É importante ressaltar que apesar de ser uma doença rara, sua divulgação e o conhecimento da relevância em acompanhar a saúde visual das crianças, permite a prevenção e o diagnóstico precoce de várias patologias oculares, entre elas o retinoblastoma.

Viviane Lanzelotte é oftalmologista pediátrica e Presidente do Grupo de Trabalho de Oftalmologia da Soperj, e Clarissa Mattosinho, membro do Grupo de Trabalho de Oftalmologia da Soperj e chefe do setor de Oncologia Ocular do Instituto Nacional de Câncer (Inca).

Agenda Positiva

Hospital do GRAACC promove iluminação especial pela data

O mês em que é celebrado o Dia Nacional de Conscientização e Incentivo ao Diagnóstico Precoce do Retinoblastoma (18/9) é marcado pela campanha Setembro Dourado, de prevenção ao câncer infantojuvenil. A data alerta para a importância do diagnóstico precoce da doença, essencial para garantir bons resultados no tratamento e evitando cegueira.

Em São Paulo, o Hospital do GRAACC, referência no tratamento de casos de alta complexidade do câncer infantojuvenil, em parceria com a prefeitura, irá desligar, por 30 minutos, das 22h às 22h30, a iluminação de seis locais considerados cartões-postais da cidade, nesta segunda-feira, dia 18.  Os locais escolhidos para a intervenção foram: Ponte Estaiada, Viaduto do Chá, Páteo do Collegio, Biblioteca Mário de Andrade, Edifício Matarazzo e Monumento às Bandeiras.

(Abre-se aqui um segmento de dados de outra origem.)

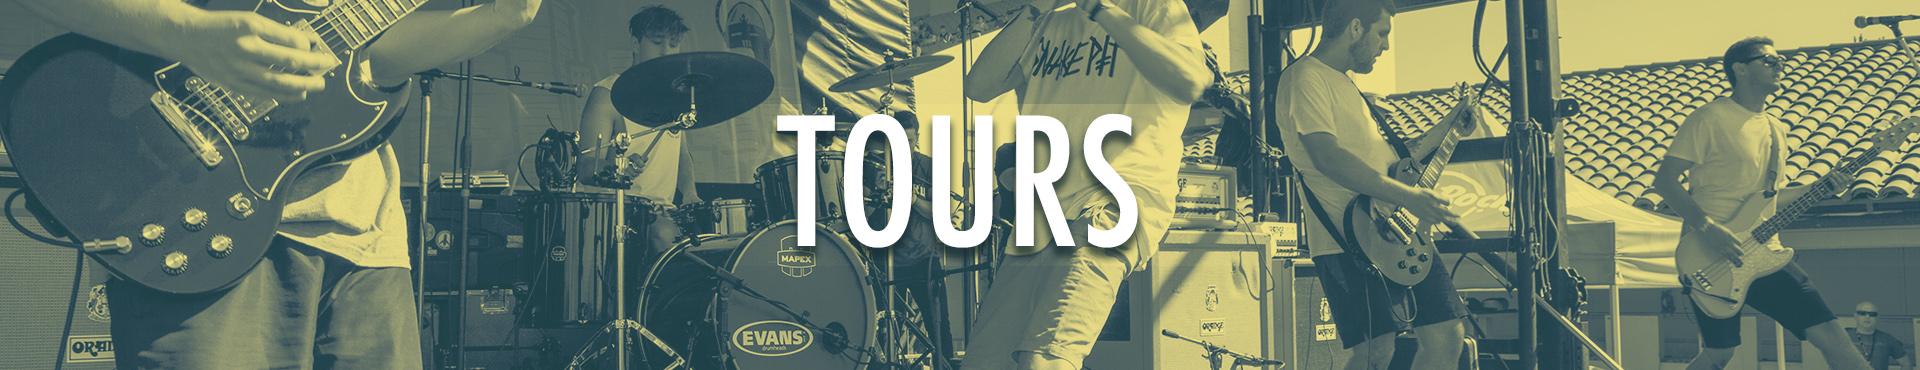 hopeless_web_banners-head_Tours 2B.jpg

A iniciativa é um alerta às pessoas sobre a importância da atenção aos sinais e sintomas do retinoblastoma, câncer ocular que acomete crianças pequenas, e o incentivo ao diagnóstico precoce à descoberta da doença. Apesar de raro, o retinoblastoma é o tipo mais comum de câncer no olho em crianças, independentemente de sexo ou etnia.

“Desde a fundação do Hospital do GRAACC, há mais de 30 anos, nos empenhamos em conscientizar sobre o diagnóstico precoce, pois é imprescindível para a descoberta de qualquer tipo de câncer. Quanto mais cedo for descoberto, maiores são as chances de cura”, ressalta Tammy Allersdorfer, superintendente de Desenvolvimento Institucional do Hospital do GRAACC.